This sits in the AKS in Production track as the Day-2 operations runbook. It assumes the managed-Kubernetes fundamentals from Understanding Managed Kubernetes: AKS vs EKS vs GKE and the production networking and observability baseline in Production AKS: Networking & Observability. It pairs tightly with Kubernetes Production Readiness: Day-2 Operations Checklist, since upgrades are the highest-stakes recurring Day-2 task, and with Azure Monitor: Managed Prometheus & Managed Grafana for AKS, because an upgrade you cannot observe is one you cannot safely roll back. The fleet-orchestration half complements Azure Arc-enabled Kubernetes: GitOps, Policy & Fleet Management; if you also run EKS, the same mechanics in another cloud are in EKS Cluster Upgrades: Version Lifecycle & Fleet Operations.

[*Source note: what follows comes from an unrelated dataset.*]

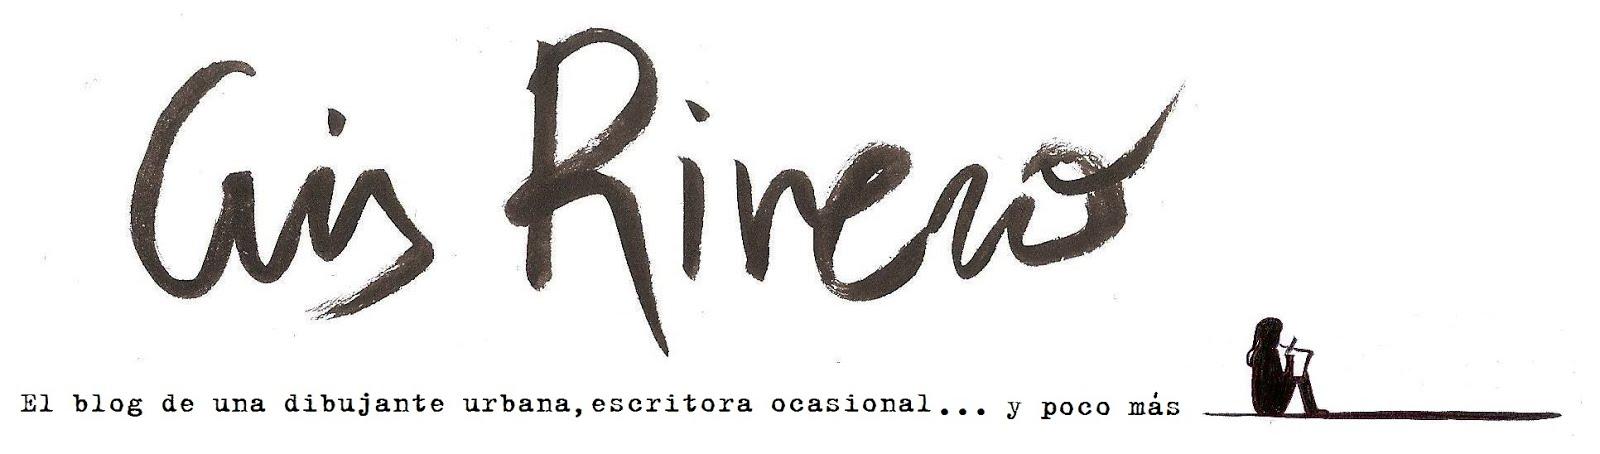 Cris Rivero

A quick map of who owns what during an upgrade, so you call the right person fast:

Layer What lives here Who usually owns it What it can stall / break
Control plane API server, scheduler, etcd Microsoft (managed) Removed-API rejection on upgrade
Node pool VMs, kubelet, OS image Platform team PDB stall, surge blast radius, image drift
Workload Deployments, PDBs, probes App / dev team Unsatisfiable PDB hangs the drain
Maintenance config Windows, freeze dates Platform / change mgmt Mid-day reimage if unset
Fleet Update runs, strategies Platform / SRE All clusters break together with no bake
CI / policy pluto/kubent, OPA Gatekeeper DevOps / security Removed API or bad PDB reaches prod

Core concepts

Five mental models make every later decision obvious.

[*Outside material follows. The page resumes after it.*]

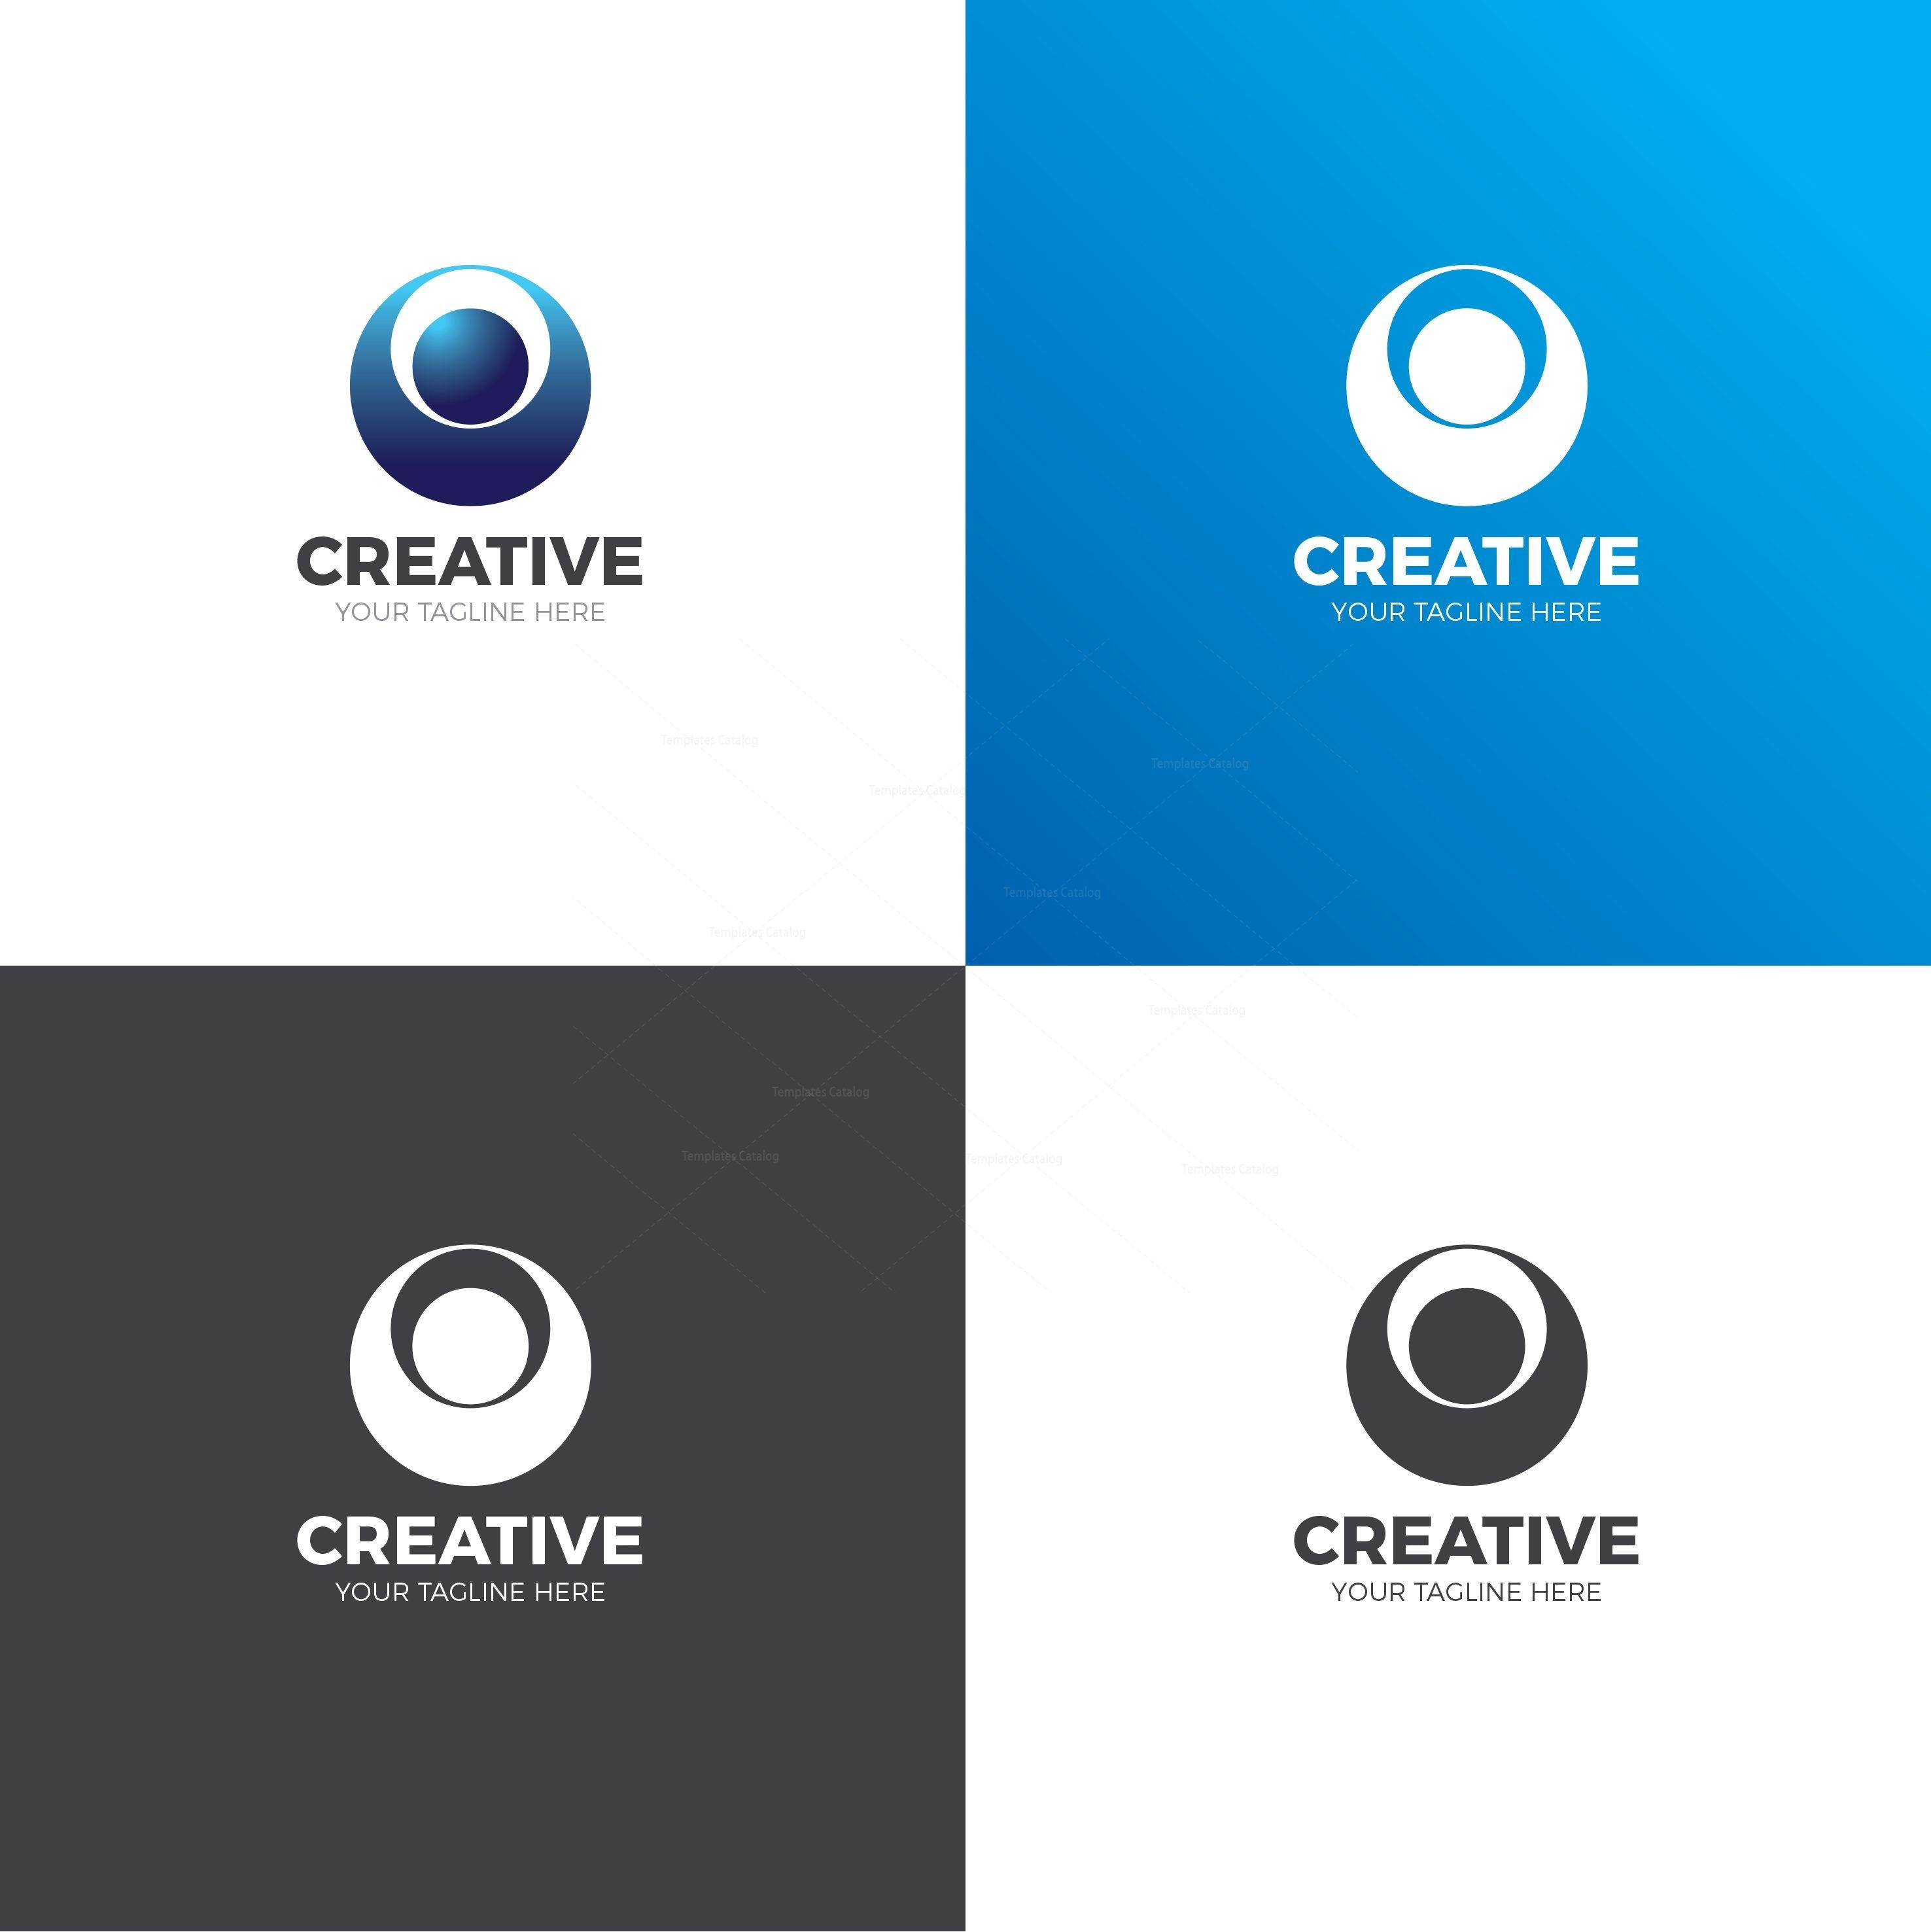 creative company logo design template 001708 template

An upgrade is two operations, not one. A control-plane upgrade moves the managed API server, scheduler, and controller-manager — fast, Microsoft-managed, and the only part that gates the cluster’s reported version. A node-pool upgrade reimages every VM in a pool to the new kubelet version, one surge batch at a time, with cordon-and-drain. People conflate them at their peril. The control plane must be upgraded before or together with node pools, and node pools may trail the control plane by at most one minor version. Decoupling them lets you take the cheap, low-risk control-plane bump immediately and schedule the expensive, workload-disrupting node reimaging for a window.

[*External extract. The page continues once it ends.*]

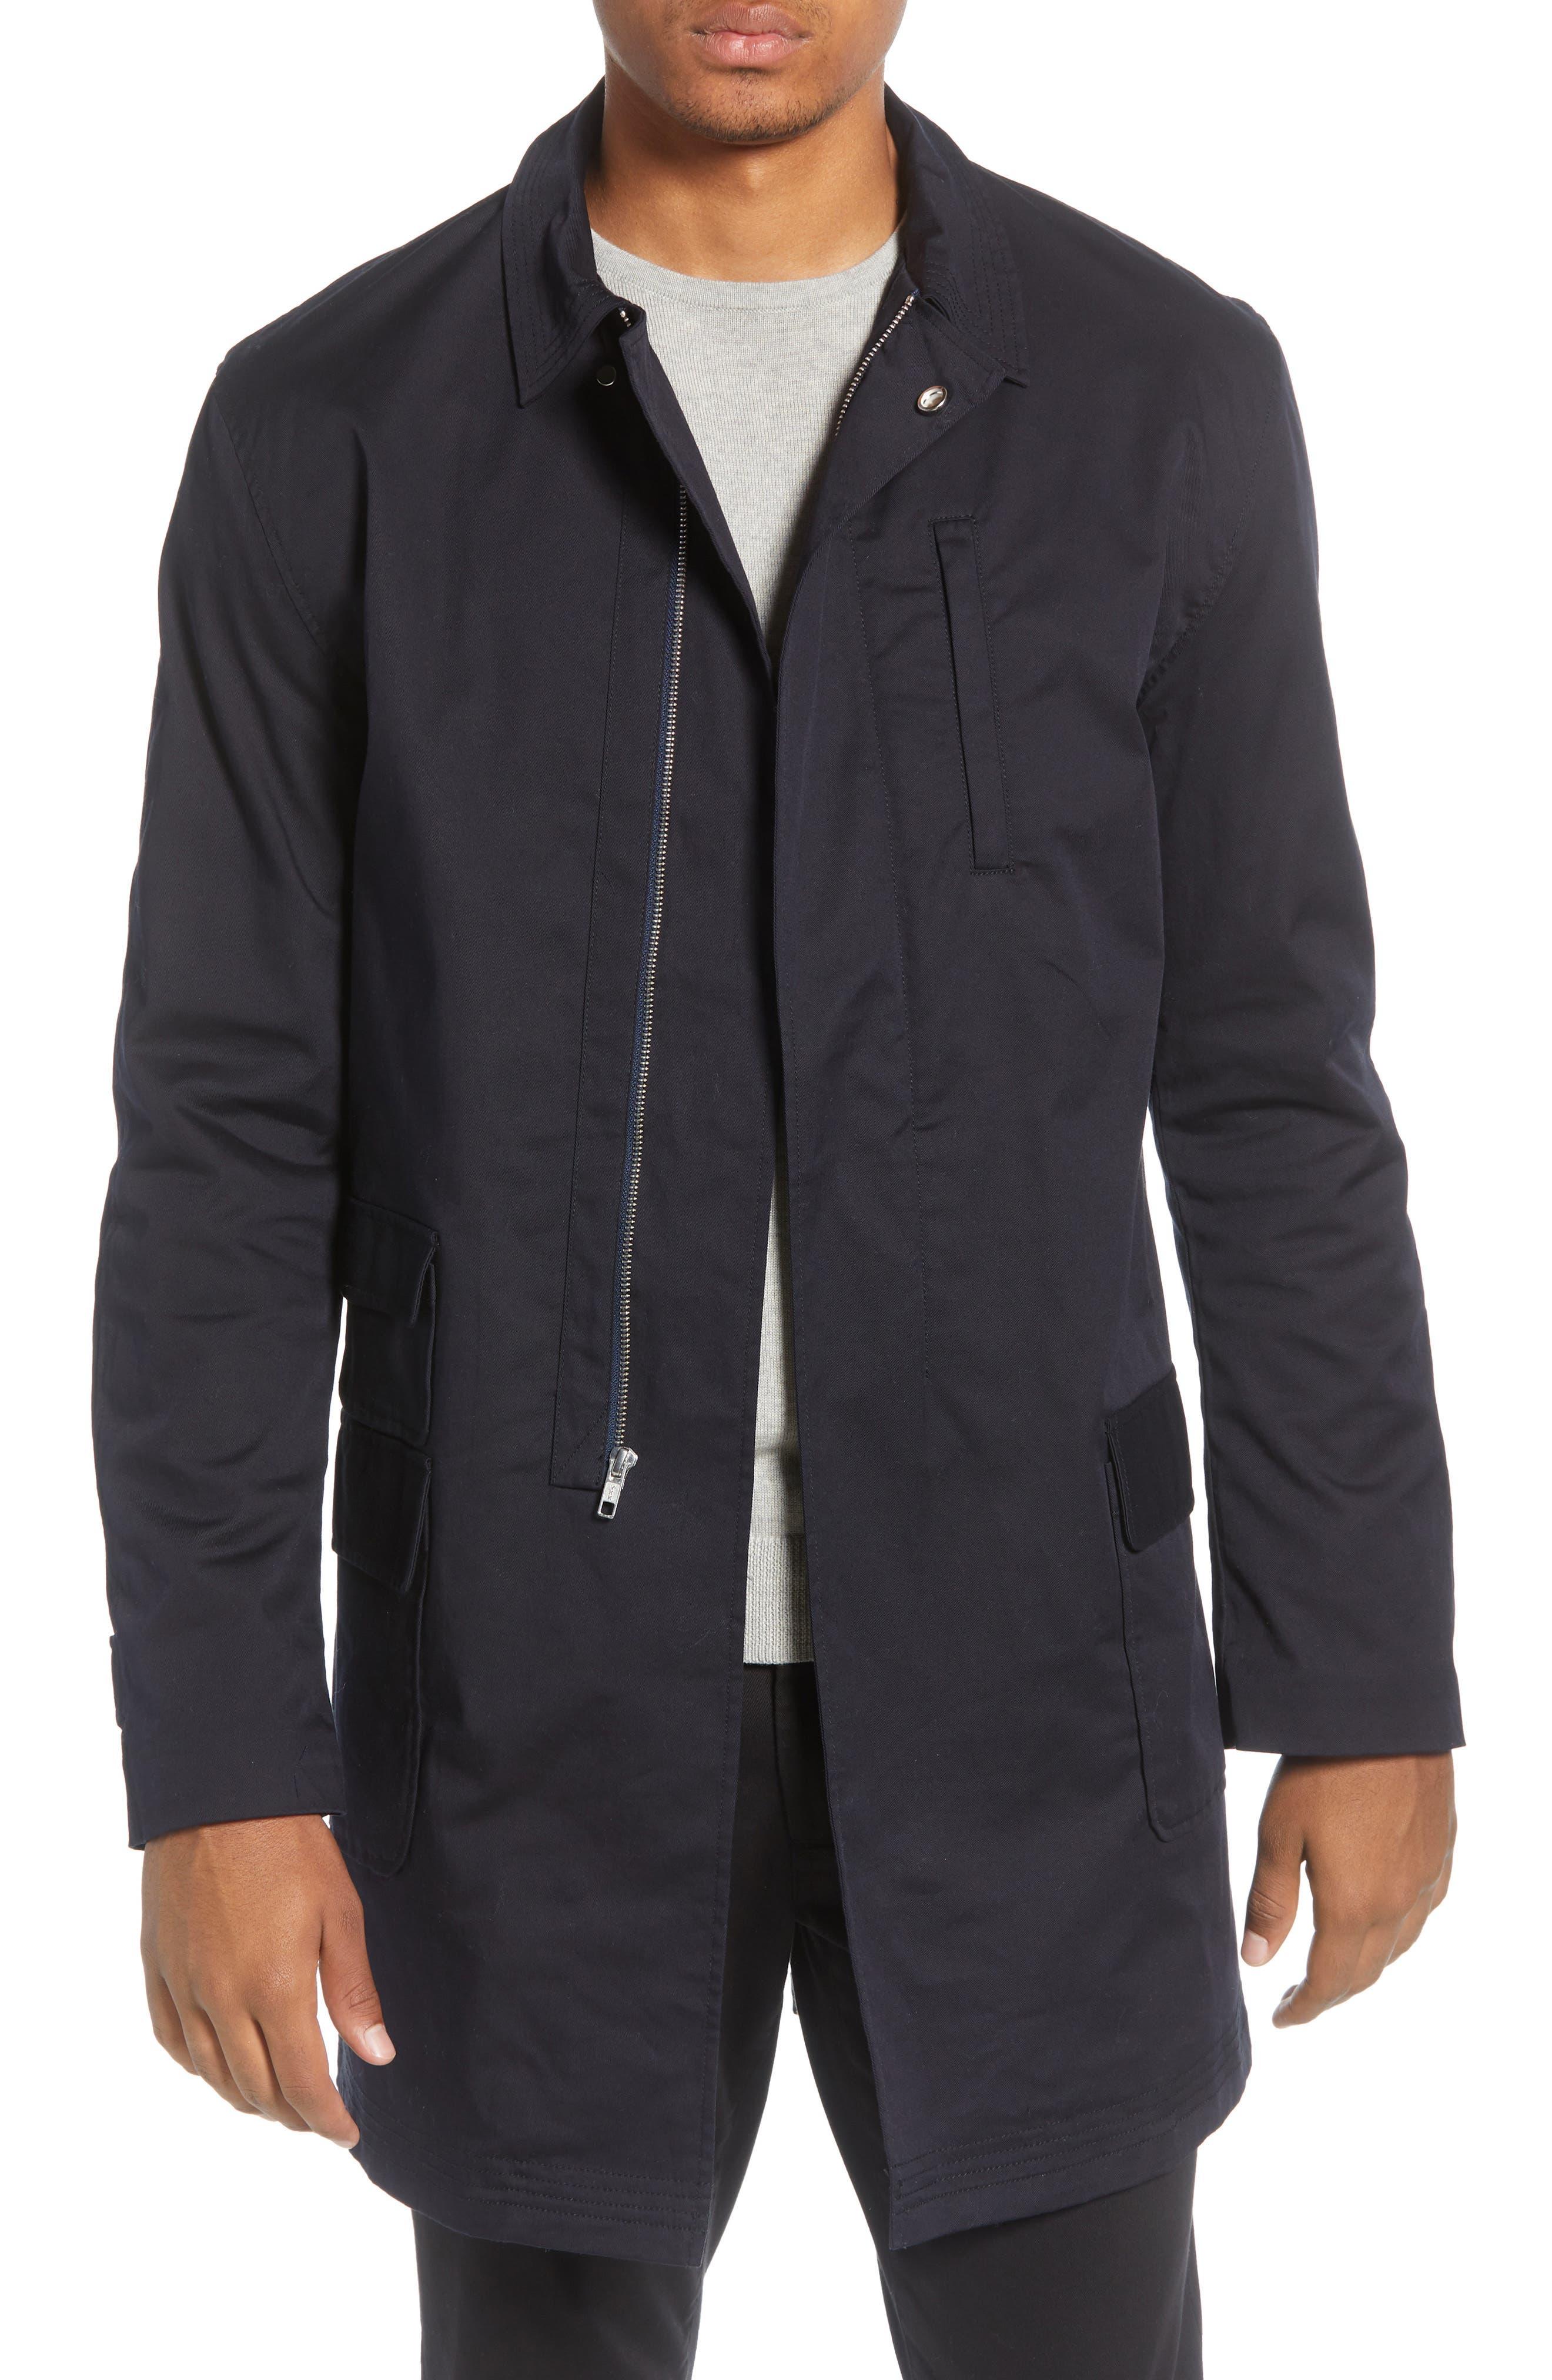 Image of BLDWN Decker Regular Fit Water Repellent Jacket

Two cadences, two channels. The Kubernetes version changes roughly quarterly and touches the API surface (deprecations, behavior changes) — higher risk. The node image changes weekly and carries OS/kubelet/containerd patches at the same Kubernetes version — low risk, reimage only. These are governed by two independent auto-upgrade settings (the cluster channel and the node-OS channel) that people constantly confuse. Automate them separately; reserve a human for minor-version bumps that deserve release-note reading.

Surge and PDBs decide whether a drain is invisible or an outage. When a pool upgrades, AKS adds surge nodes, then cordons and drains existing nodes one batch at a time. Max surge sets the batch size (default one node — safe but glacial on a 100-node pool). PodDisruptionBudgets are what make the drain respect your SLOs: during drain, the eviction API honors PDBs, blocking eviction that would violate minAvailable until a replacement pod is Ready elsewhere. The sharp edge: a PDB that can never be satisfied (e.g. minAvailable: 100% on a single-replica Deployment, or an anti-affinity rule with no spare zone) stalls the drain indefinitely.

The maintenance window is your change-freeze enforcement. Auto-upgrade without a maintenance window means Azure can reimage your nodes whenever it likes. Planned Maintenance binds all upgrade activity to schedules you control, and notAllowedDates carves out change freezes (quarter-end, peak season) where no maintenance starts even inside the recurring window. Three named configs govern the three activity classes; unset them and you have ceded the timing decision to the platform.

The fleet is a coordination problem, not a bigger cluster. One cluster is a runbook; fifty clusters is choreography. Azure Kubernetes Fleet Manager marches an upgrade through ordered stages and groups — dev before staging before prod — with bake time (afterStageWaitInSeconds) between each. A failed stage halts the run, so a regression caught in dev never reaches prod. The bake time is the safety mechanism: zero wait is just a slower way to break everything simultaneously.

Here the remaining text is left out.